The filling: 2 pounds of shin beef, one large onion, 4 rashers of fatty bacon, as many mushrooms as fit into your hands cupped together and a bottle of beer, a stock cube and a teaspoon of mustard.

First up, chop the onion into half.  One half slice finely, the other into big chunks.  You need an onion about the size of a grapefruit, or several small ones.  Pop them into a big pan (not frying pan) with a good lug of olive oil on a low heat.  They’ll take about 20 minutes which is plenty of time to do everything else (including the pasty if needed).

Chop the beef into big chunks.  Too big to go into your mouth comfortably.  Douse them in plain flour and black pepper, then shake off all the excess flour.  I used shin beef because it’s god a great flavour and perfect texture for this sort of thing.  Any other slow cooking cut would work well,  using best steak is pointless and will add nothing.  Shin, brisket, neck, all would be good, and very cheap too.  2 pounds in weight was £6 and a mighty chunk of meat.

Once the onion is golden and melting, scrape it all out of the pan and off to one side.  Chop the fatty bacon into inch long strips and put it in the pan, turn the heat up, and add a teaspoon sized blob of lard.  Once it’s all sizzling and exciting drop a handfull of floury beef in, and brown on all sizes.  You want some burnt bits, they give the good flavours.  Brown the rest of the meat in handfull sized batches, fishing the last batch out and dumping it in with the onions.

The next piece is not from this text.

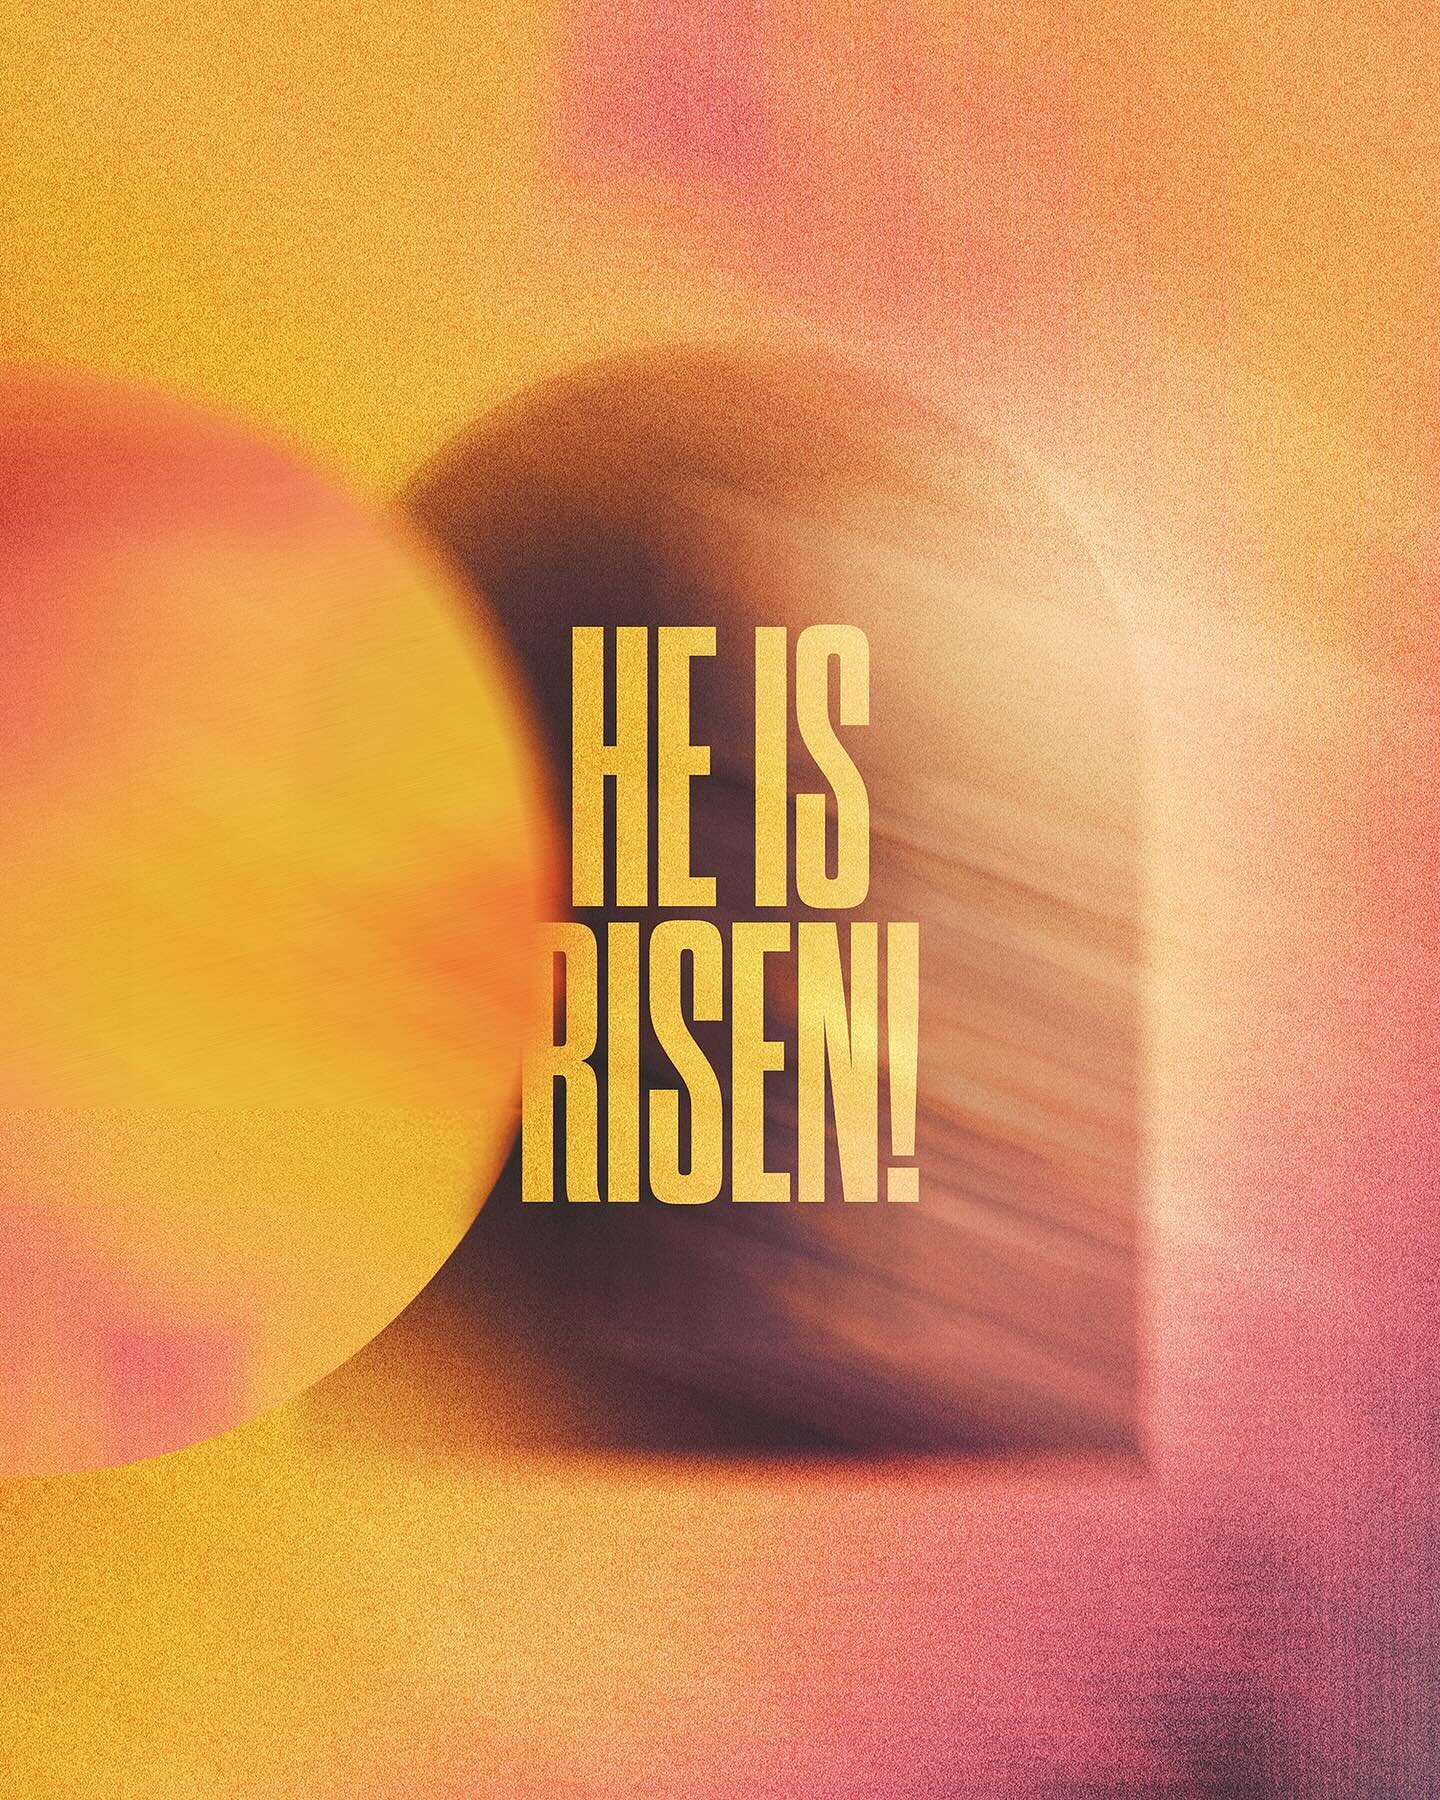 &ldquo;But the angel said to the women, &ldquo;Do not be afraid, for I know that you seek Jesus who was crucified. He is not here, for he has risen, as he said. Come, see the place where he lay.&rdquo;

‭‭Matthew‬ ‭28‬:‭5‬-‭6‬

Once all the beef is browned (and at this point pinch a bit - it’ll be melt in the mouth soft, bloody on the inside and burnt on the outside - perfect), put everything back into the pan (the onions and the beef), turn the heat down to it’s lowest setting, and add the crumbled up  stock cube, mustard, pinch of salt and the bottle of beer.  I used Hobgoblin beer, and I imagine any dark and malt beverage would do the same.  Guiness is somewhat traditional, but I like beers not stouts with my meat.  Pop a lid on it, and leave it for …. 2 hours.  Yes, all 2 hours.  Don’t mess about here, the long cooking it what makes this perfect.

After 2 hours, lift the lid off, turn the heat up an ddrive off some of the liquid.  You’re looking of a thick gravy that coats meaty chunks which you can just about break apart with a spoon against the side of the pan.  It’ll take about 5 minutes I’m guessing.

At this point you can leave everything to go cold and move on to the enxt stage an hour before you want to eat, but be warned, all house guests will pinch spoonfuls of the meaty goodness at all opertunities, so best just get on with it.

Laddle the meat into a tin and scatter another good handful of thyme over it.  I used an 8 inch wide rectangular tin, because i like my pie thin, but a deeper dish would work just as well.  Leave it to cool whilst you sort of the pastry.  Roll it out to the size of your dish, using plenty of flour to stop it sticking.  Mr Oliver also put greaseproof paper on the top whilst rolling and I have to admit, it works very well.

Lay to pasty over the top of the tin, and push all the over hang into the tin so it rumples up.  These bits all be extra crunchy goodness.

Cut a few nicks into the top to let the stream out, and stick it into a hot over for 40 minutes or so.  The meat is cooked, all you’re doing it baking the pastry and letting the meaty liquid goodness bubble through it.

Best served with fresh with chips, or cold the next day, my personal favorite.

3 Comments »

  1. la said,

    February 5, 2008 at 2:18 am

    Au contraire, I know many, many pie appreciators! I do live in Glasgow though.

  2. coldclimate said,

    February 9, 2008 at 10:09 pm

    true. but its still not a fashionalble food sadly.

  3. la said,

    February 11, 2008 at 2:21 am

    I had a pie today! There were chestnuts and mushrooms and beer in it!